God calls us to seek, to knock. God desires to hear you, to become a part of you. Jeremiah 33:3, another well-known passage says "Call to me and I will answer you and tell you great and unsearchable things you don't know (NIV)."

These scriptural promises should be more than sufficient encouragement for us to step up and seek God. We cannot just think about what it would be like to seek God.

Let's stop imagining and put God's promises to the test.

Remember that God was faithful before He'll be faithful again. Seek and you WILL find.

Thursday, July 7, 2011

Second Droplet: WALKING IN THE SPIRIT

Aren't our planners crammed with things to do and errands to run? I know mine usually is. Sometimes being so busy is detrimental to our growth in spirituality.

How so?

When I think about days where I'm really overwhelmed with work, I get so focused on getting things done, that I completely ignore everything else around me, even people.

Today I decided to rest. I took about an hour and sat in the front yard with my bible and the book, Crazy Love by Francis Chan (BUY IT, LIVE IT, IT'S AMAZING). I also had a notebook and a pen. I started  writing down my prayers and I simply started asking God to help me walk in the spirit.

After this I continued to read Luke, I'm determined to read all gospels (two down, two more to go). And I noticed in chapter four verse one it said, "Jesus, led by the Holy Spirit, left the Jordan and was led by the Spirit..."

God has not set us out alone in this world to suffer for our sins. He has given us the gift of the Holy Spirit to guide us and to bless us.

Galatians 5:22-23 is a text most people know, "But the fruit of the Spirit is love, joy, peace, forbearance, kindness, goodness, faithfulness, gentleness and self-control. Against such things there is no law."

It's such a beautiful thing to experience these fruits!

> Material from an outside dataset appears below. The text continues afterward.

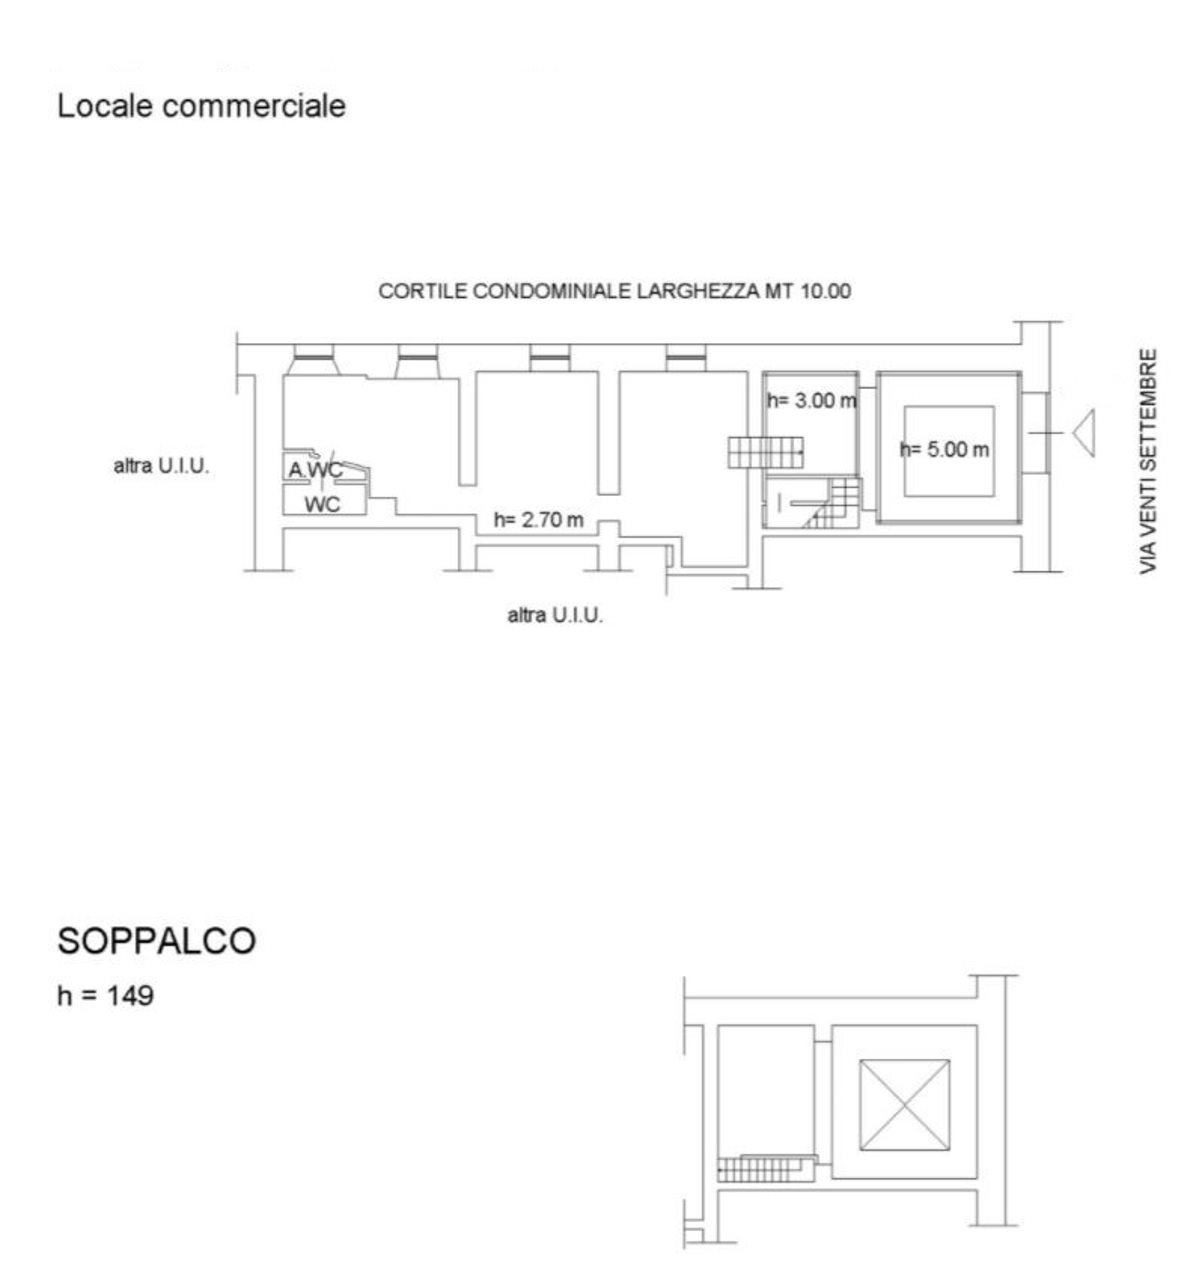 Planimetria con Soppalco.jpg

Today as I prayed to walk in the Spirit, I looked at everything around me and began to reflect. And after reading a couple of chapters of Luke, I got up and just contemplated the great hill filled with trees in front of my house and then the sky.

I paused. I saw the great beautiful sky with different shaded clouds. All I could think was, "How in the world could someone believe that this beauty and the diversity of the Earth was created by molecular collision or explosion, or whatever nonsense it is...?"

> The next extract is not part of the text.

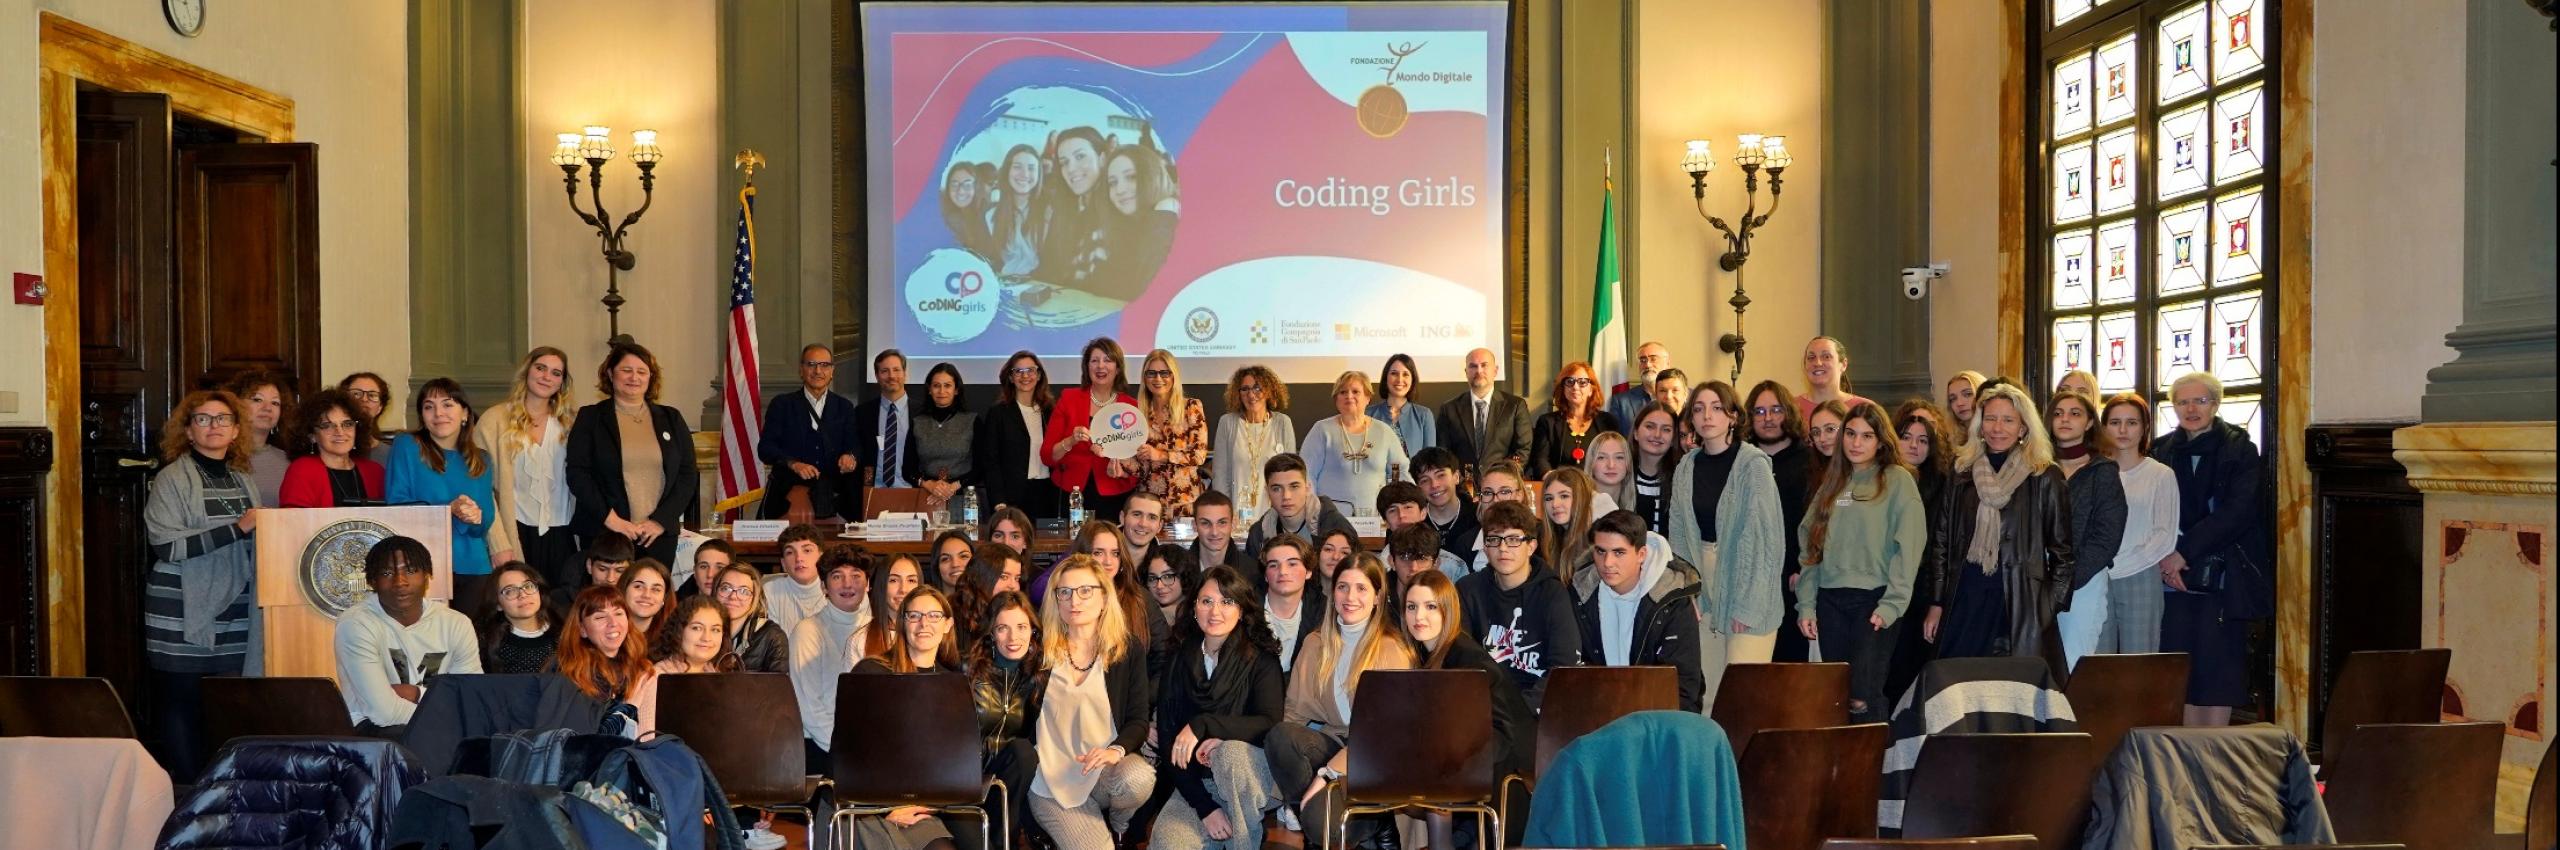 Presentazione della nona edizione di Coding Girls

And I was just so filled with joy and I praised God in my heart, because I knew the Spirit within me was revealing the blessings that we ignore when we don't take the time to pause.

"Cristina, filled with the Holy Spirit, got up from her chair, and led by the Spirit contemplated the beauty that her God has created..."

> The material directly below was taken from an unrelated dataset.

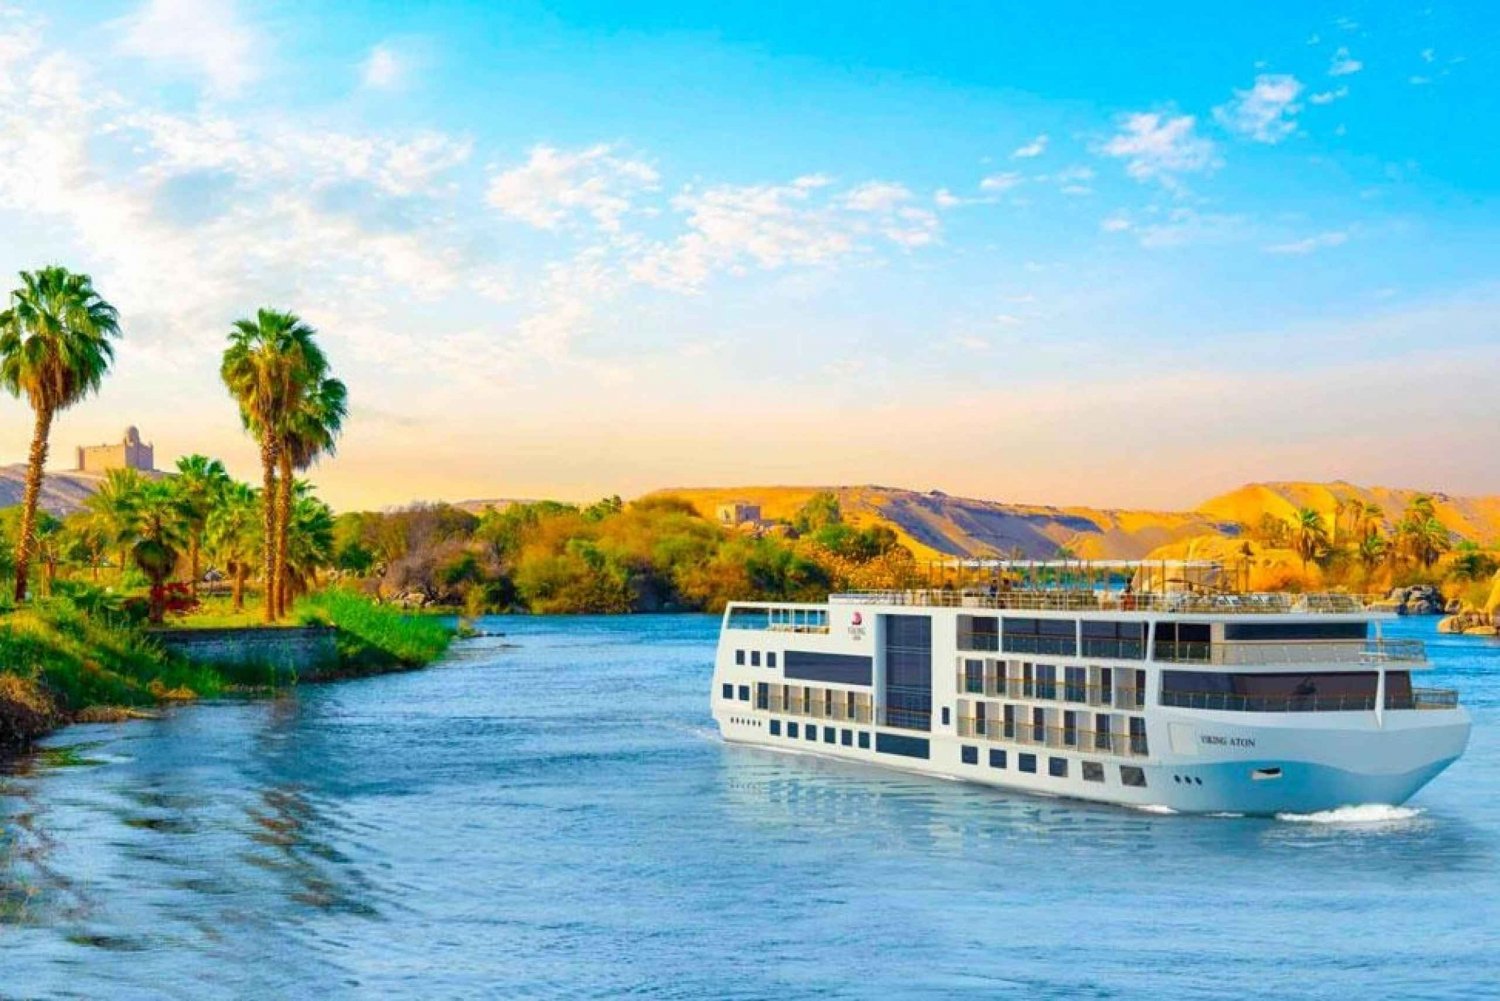 Fra Kairo: 3-netters Nile Cruise Luxor, Aswan med fly

Can you walk in the Spirit and make your version of this verse?

Praise God for the blessings we receive through the Holy Spirit.

Friday, June 17, 2011

First Droplet : LOVE

God is love. Amen. Amen? Sure, we've heard this since we could remember.

God is love. When we grasp just a droplet of the meaning of His love, our lives will be transformed.

God is love. This love is not just any love. It's a love that hurts. A love that makes a sacrifice. A sacrifice of a son. Unfortunately we aren't as sensitive to the idea since we're so used to hearing it.

God is love. You and I have life because He is a loving creator.

I am reading a book called Crazy Love by Francis Chan. This book has ministered to my life. It speaks about loving God.

When I say "loving God," what comes to your mind?

"Ugh, commandments?" "Darn it, I have to pray more?" "I don't like reading scripture...?"

The love that I am searching for with God, is an honest love. Where I fall in love with WHO He is and EXAMINE His positive attributes.

Falling in love with God should be the ultimate goal. Once you fall in love, sacrifices will come naturally to you.

Matter of fact, it won't seem like a sacrifice. When I say love, I mean LOVE. I mean getting to know the creator and building right relationship.

Receive this spiritual droplet and pray.

God,  I pray that you would help me learn who you are and fall in love with you. God help me so that I can spend time with you and do what you want in my life. Let me experience real love. In Jesus' name I pray. Amen.



Psalms 18: 1 I love you, LORD, my strength.